Так уж сложилось, что если речь заходит о тех, кого в России называют «большими поэтами», говорить об их творчестве возможно только в понятиях индивидуальности и уникальности: есть поэтика Мандельштама, Пастернака, Маяковского. Безусловно – на этом построено наше исследование – существует и поэтика Слуцкого. Однако в его случае справедливо говорить о совершенно особой большой поэтике, порожденной еврейским гением, могучим экзегетическим разумом; Г. Блум предлагает такое определение: «Все еврейские экзегезы, от Гиллеля и Иешуа из Назарета до двух Талмудов и каббалы и до “Кузари” Иехуды Ха-Леви и Маймонида, с возможной кульминацией в лице Кафки и Фрейда, можно назвать рядом попыток открыть Танах историческим страданиям народа, который Яхве сделал Своим избранником» [Bloom 2005a: 91]. Хочу добавить, что на русском языке кульминация такой поэтики, а точнее, ее начало и кульминация воплощены в Слуцком; его иудаистская экзегетическая уникальность проступает именно через эту призму. Прочтение и осмысление Писания – основание его творчества, от почтительного и новаторского использования русского языка и традиции до понимания своего времени как хаоса, воплотившегося в той эпохе: революционных, воинственных, сталинских – и в конце распадающихся – Советов. Его произведения в этой книге в значительной степени, хотя и не исключительно представляют собой стихи о катастрофе, размышления о личном и коллективном еврействе, полемическое и интертекстуальное переосмысление дискурсов о евреях: христианского, исторического, мифологического, русской / советской литературы, канонического, современного и модернистского на иврите и идише, – все это обнажает основы художественного и метафизического мышления Слуцкого, которое зиждется на особенном и скрупулезном соотнесении собственных текстов с библейскими. В своем творческом подходе Слуцкий методично задействует «протитипы» из Писания, помещая программатически-генеративную личность поэта в «глобальную еврейскую парадигму» [Хазан 2001: 144–145] – то, что В. И. Хазан точно называет «одной из ключевых характеристик еврейского художника как такового».
Понятие двойственности, бикультурности, бинациональности, которое Шраер вслед за Ш. Маркишем справедливо называет сущностным для определения русско-еврейской литературы, необходимо переосмыслить применительно к пути большого художника.

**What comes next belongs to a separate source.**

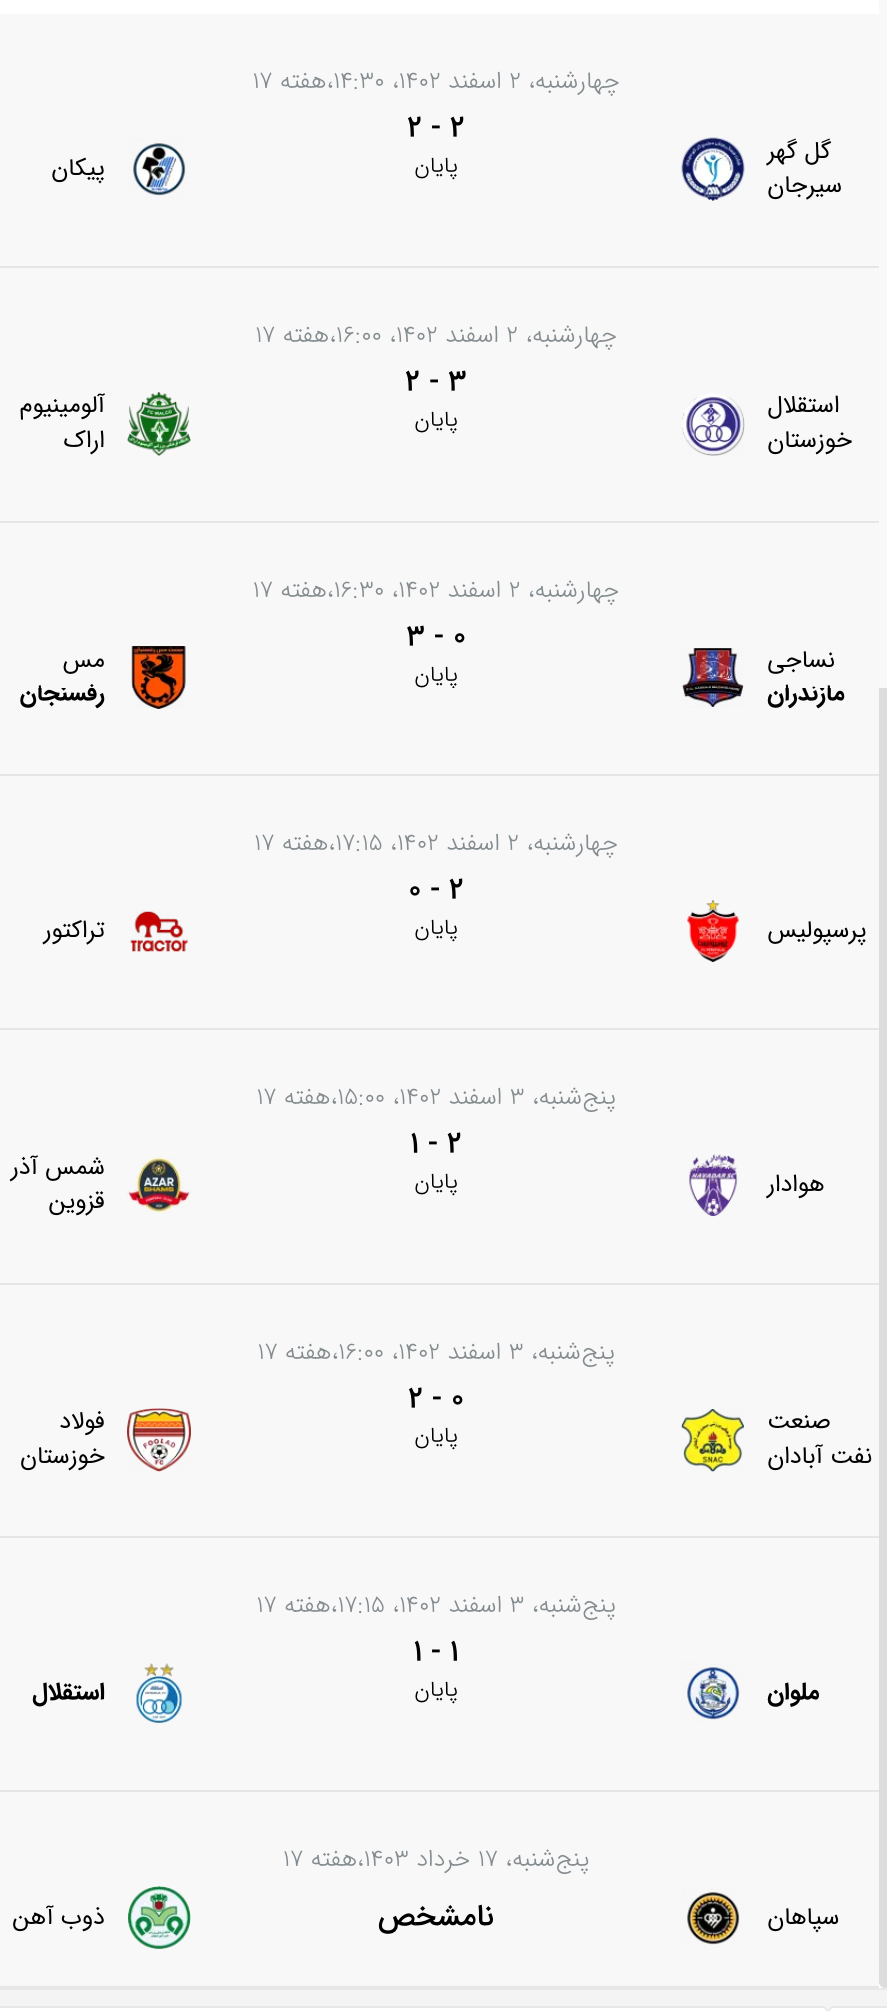 نتایج بازیهای لیگ برتر ایران - هفته هفدهم بازی ها

У любого такого автора очень разветвленная система координат, однако его творчество не принадлежит двум народам в равной мере [Shrayer 2007: 42]. Его мировоззрение, ви铲дение, наполненное особым содержанием, принадлежит только ему, одновременно вписываясь в более масштабное повествование. Для Слуцкого у этого повествования единственное имя: ТаНаХ. Вместе с тем на уровне поэтики в его мировоззрении уникальным образом совмещаются русское и еврейское мышление, причем самые важные точки их соприкосновения – цитаты, толкование источников, перечитывание, перестановка акцентов, аллюзии, интертекстуальность и увековечивание.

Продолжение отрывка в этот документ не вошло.